Task prompt:
Beginning with the line that contains "Purple shirt with hidden buttons", retype the entries below exactly, ending with the line that contains "Furniture transport service". Leave out any pictures.

Records supplied:
>>>

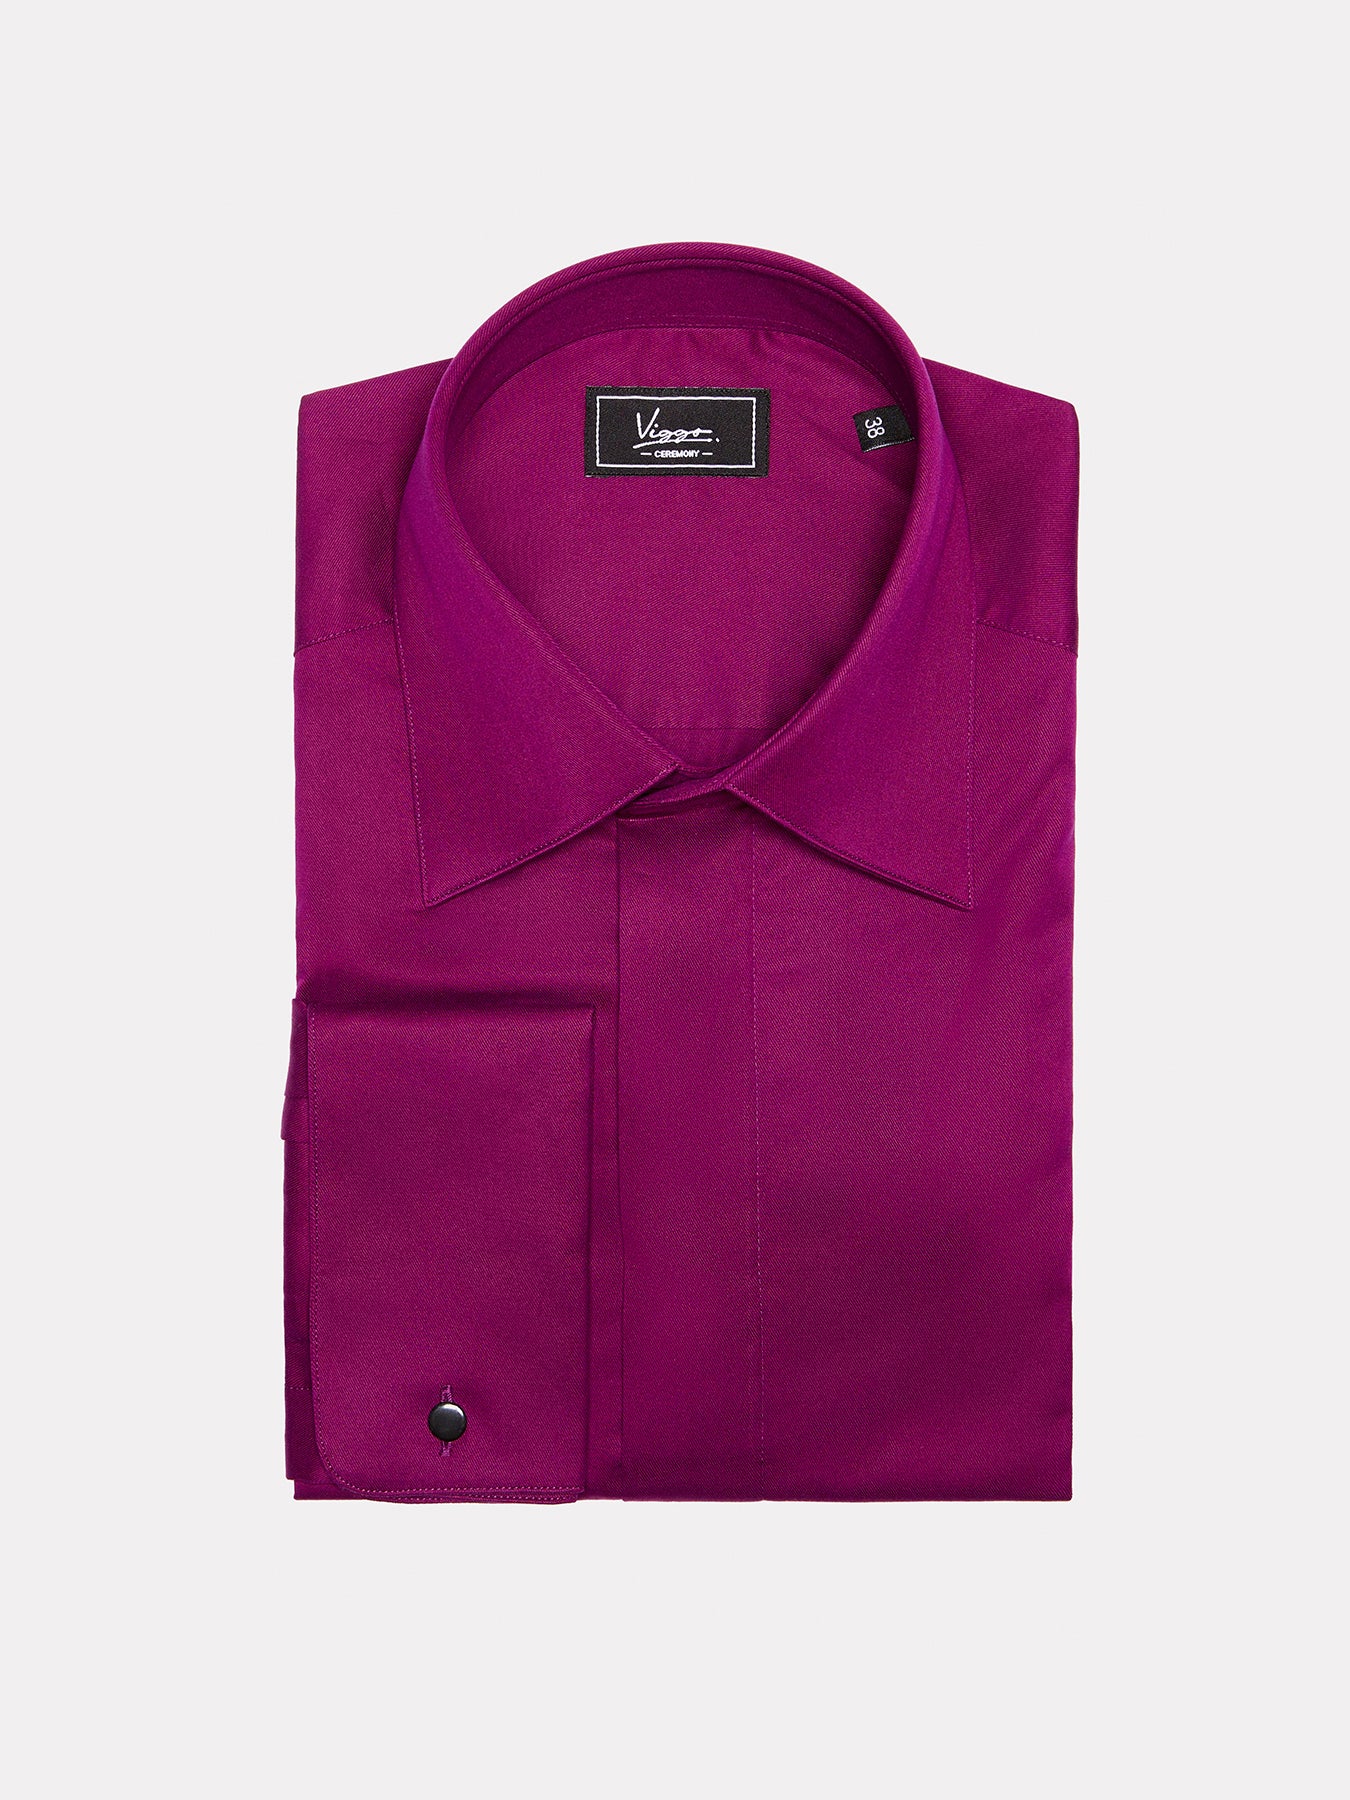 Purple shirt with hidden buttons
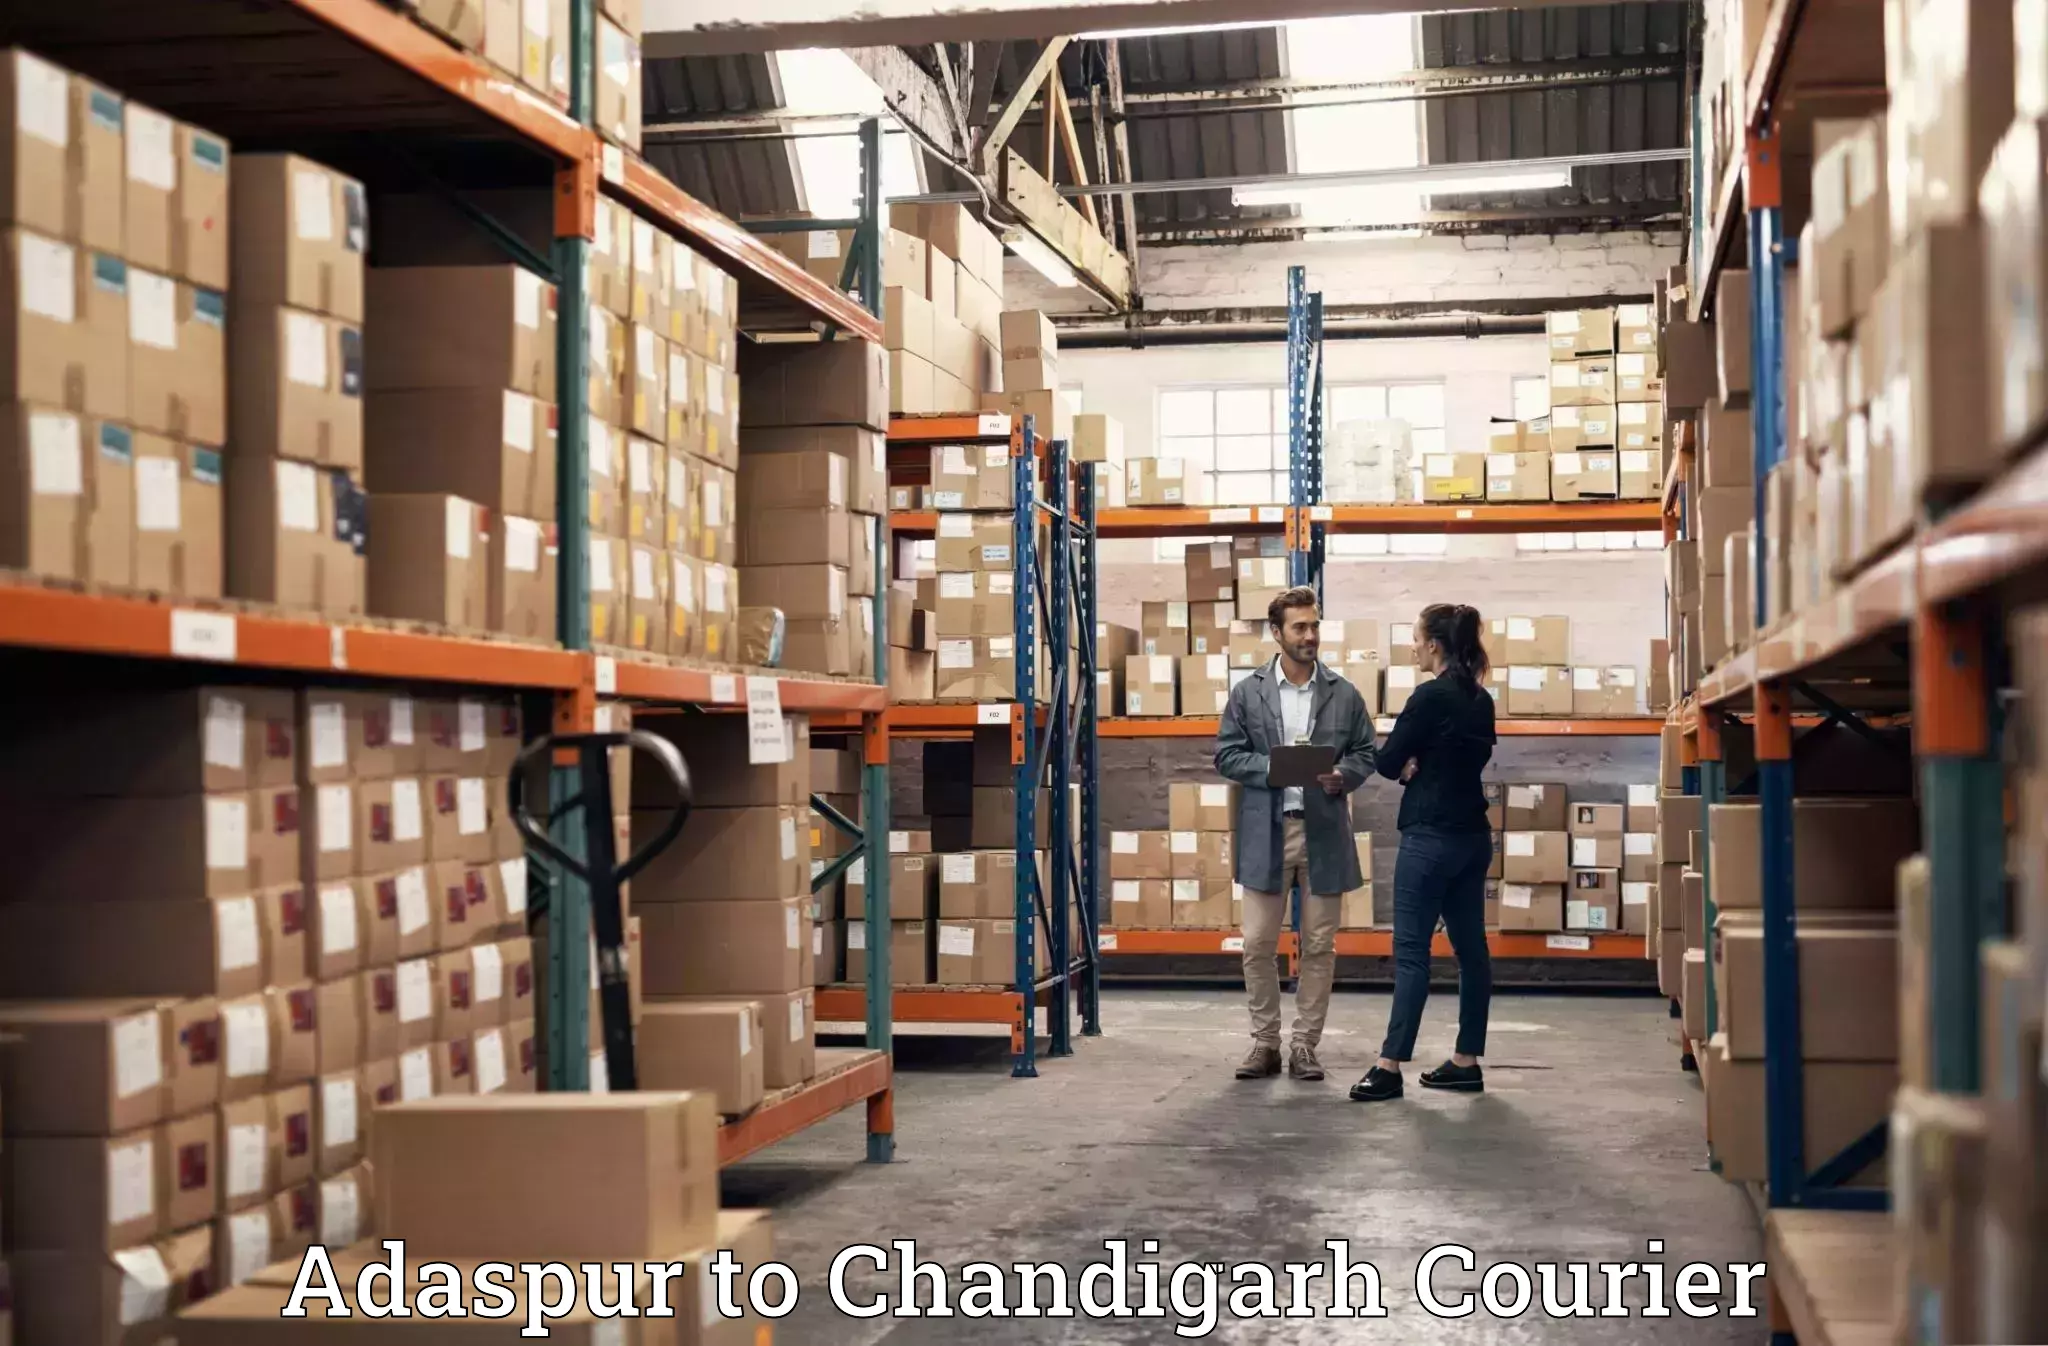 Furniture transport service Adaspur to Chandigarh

<<<
>>>

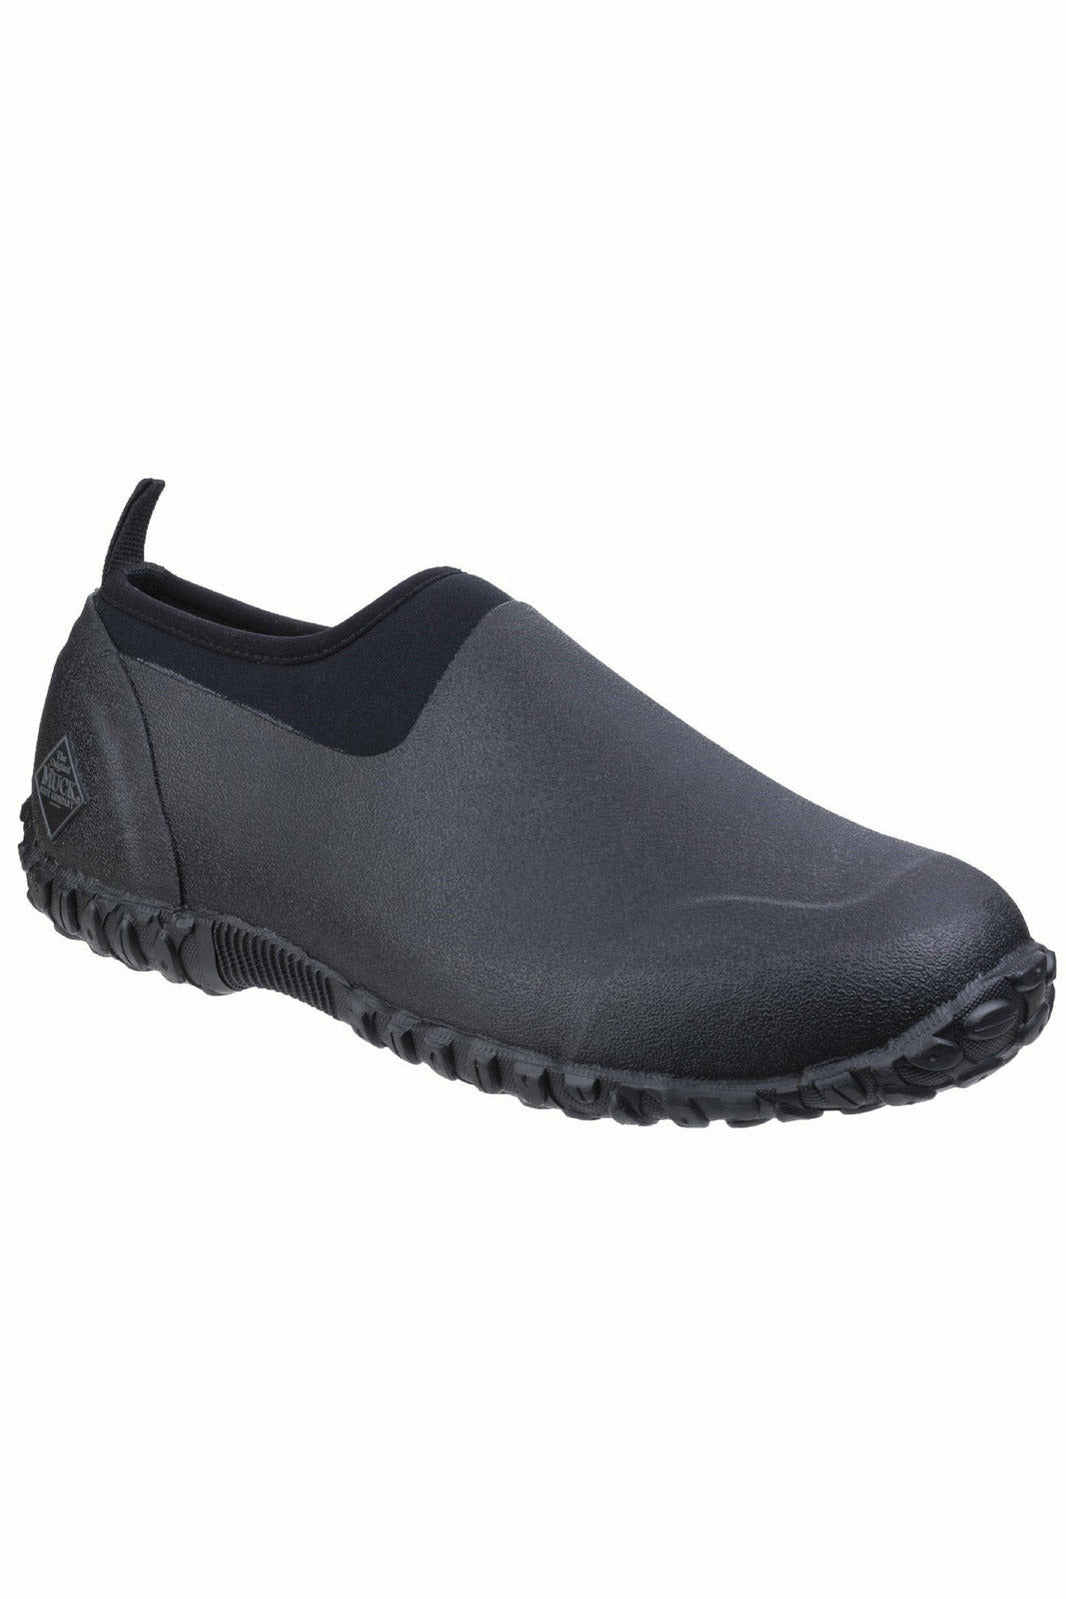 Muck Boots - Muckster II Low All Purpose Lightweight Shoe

<<<
>>>

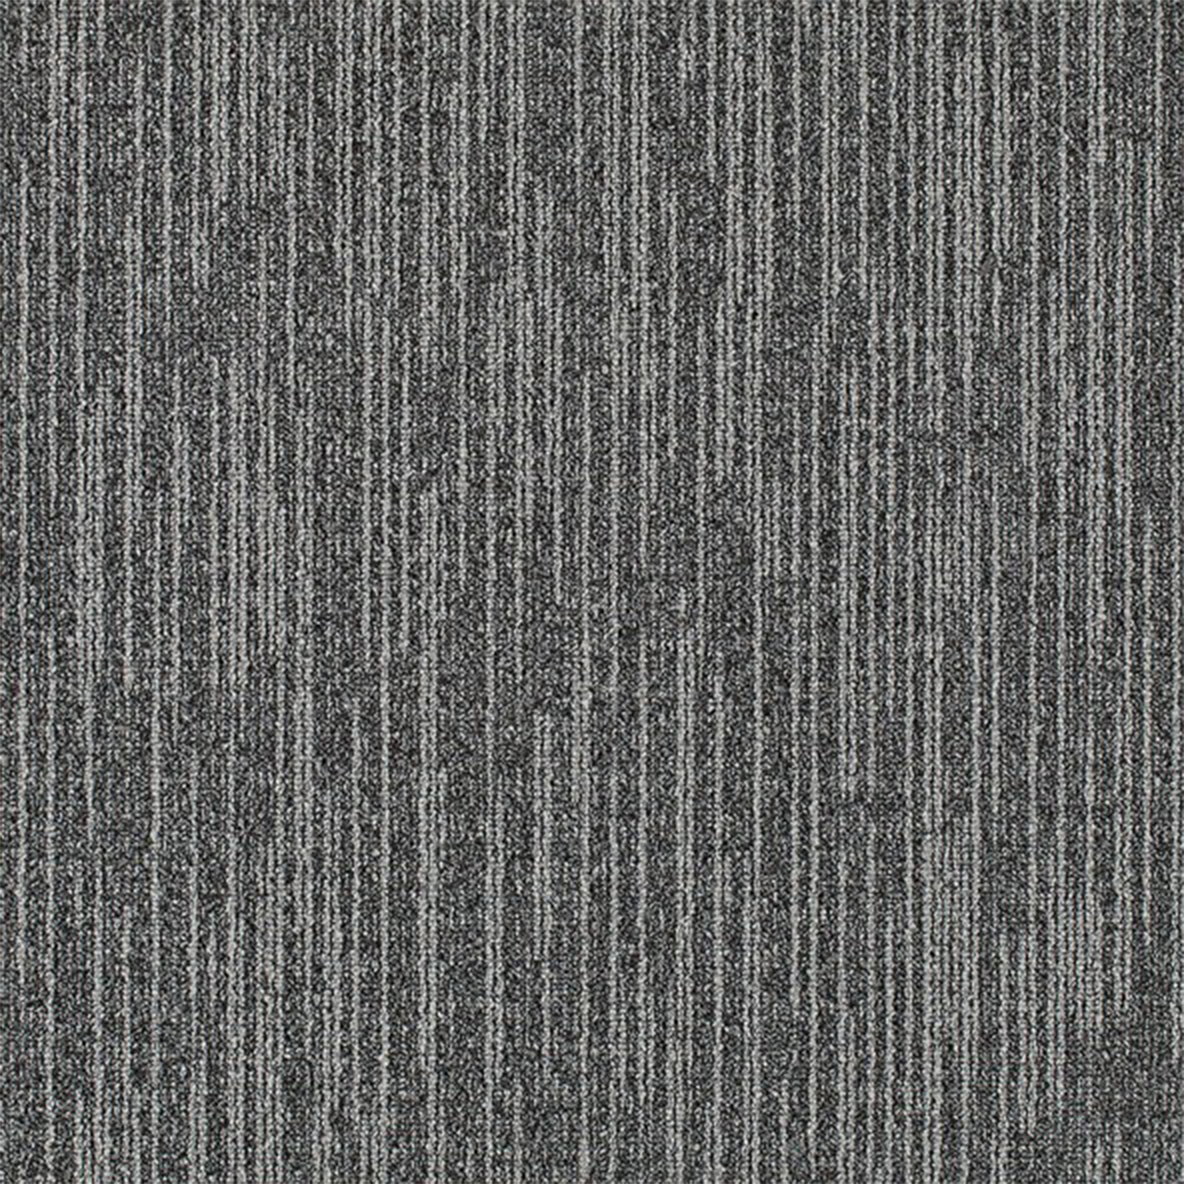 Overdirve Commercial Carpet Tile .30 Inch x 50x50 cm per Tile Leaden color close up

<<<

Completed exercise:
 Purple shirt with hidden buttons
 Furniture transport service Adaspur to Chandigarh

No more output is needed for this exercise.